I’ve been doing a lot of research recently about teaching English in China. Clearly, this isn’t exactly Asian Americans in Media, but it has made me think about Chinese – American relations, and how those are shaping the opportunities available to me and the reception I’m supposed to expect in China.
Recently, the Chinese Ministry of Education decreed that all English language classes have a foreign, native English speaker to help the students master pronunciation and idiom. Apparently, there is significant tension between the Chinese school administrators and the imported native speakers. They see the decree as intrusive, and are not as friendly towards these new hires as they otherwise might be.
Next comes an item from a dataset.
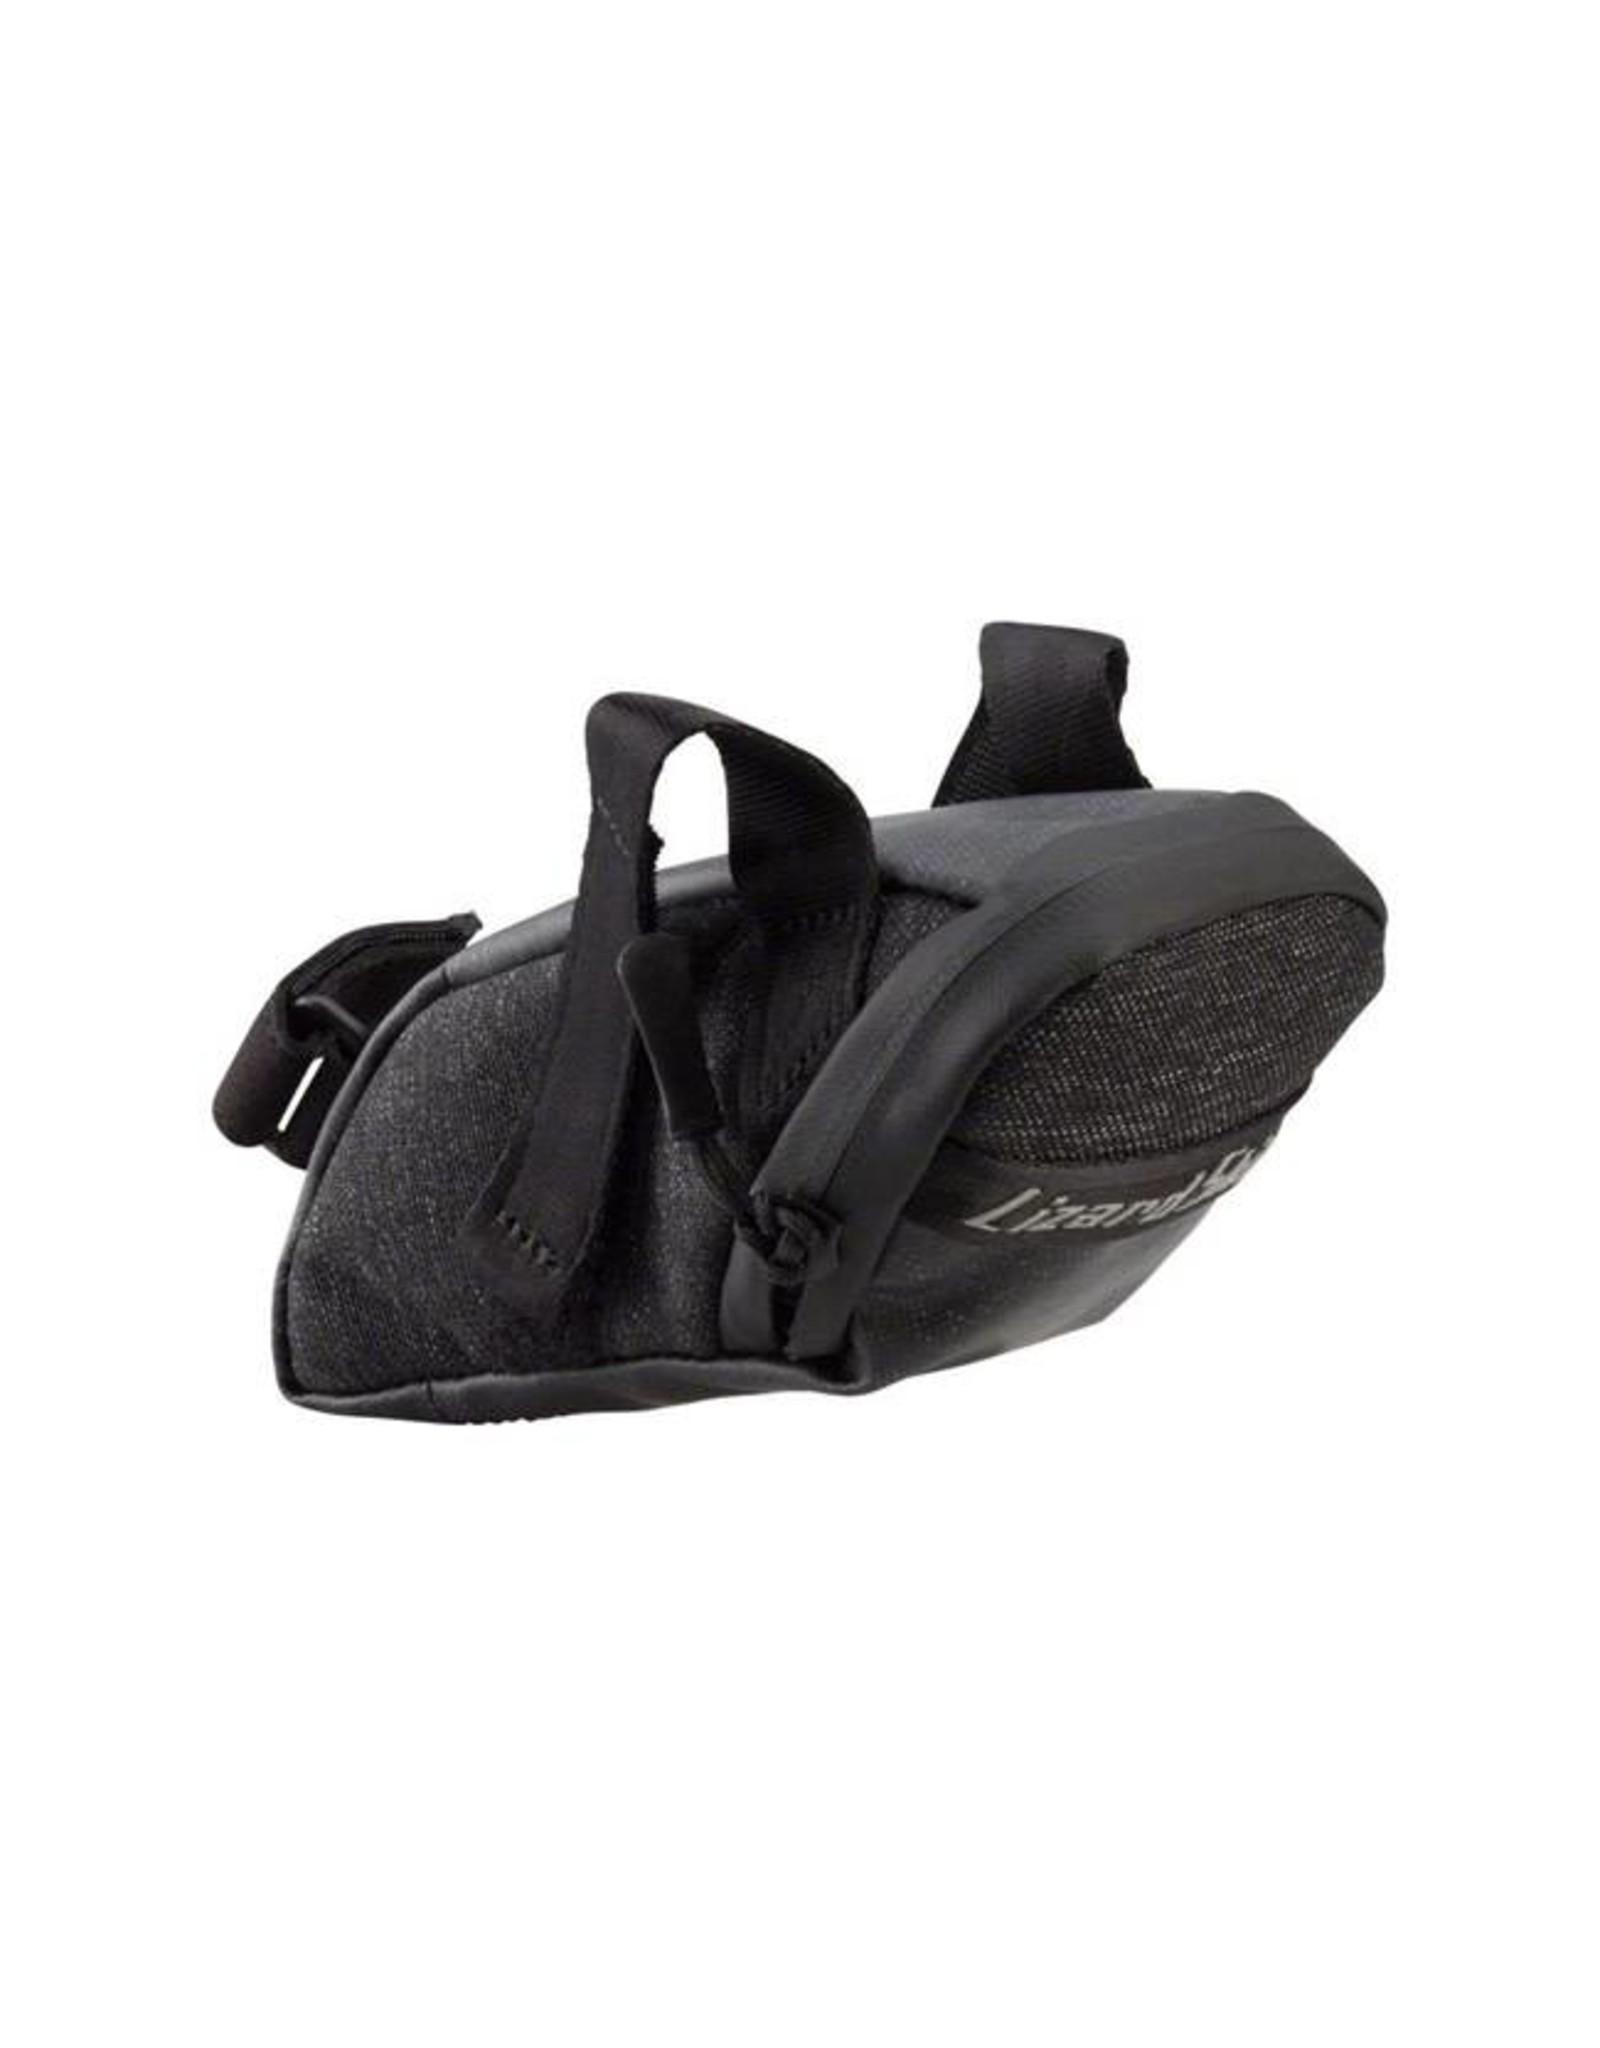 Lizard Skins Lizard Skins Micro Cache Seat Bag: Jet Black

The students themselves are largely nonplussed as well. Most will stay in China, and rarely, if ever, speak English again. For the blithe American, these jobs might seem fun and interesting, but the resentment is more than superficial.
Returning to Asian – American relations, this poses an interesting new mess to sort out: until now, we have only discussed White – on -Asian mistreatment, but now we have a forum for discussing prejudices working the other way. In China, do they teach American-Asians in Media courses? Is George Bush:Evil Americans as Fu Manchu:Evil Chinese?
If I get the job, I’ll probably get a chance to tackle the problem myself, but I wanted to present the problem as a new angle on immigrant model minorities in a way that references themes and trends we’ve discussed in class.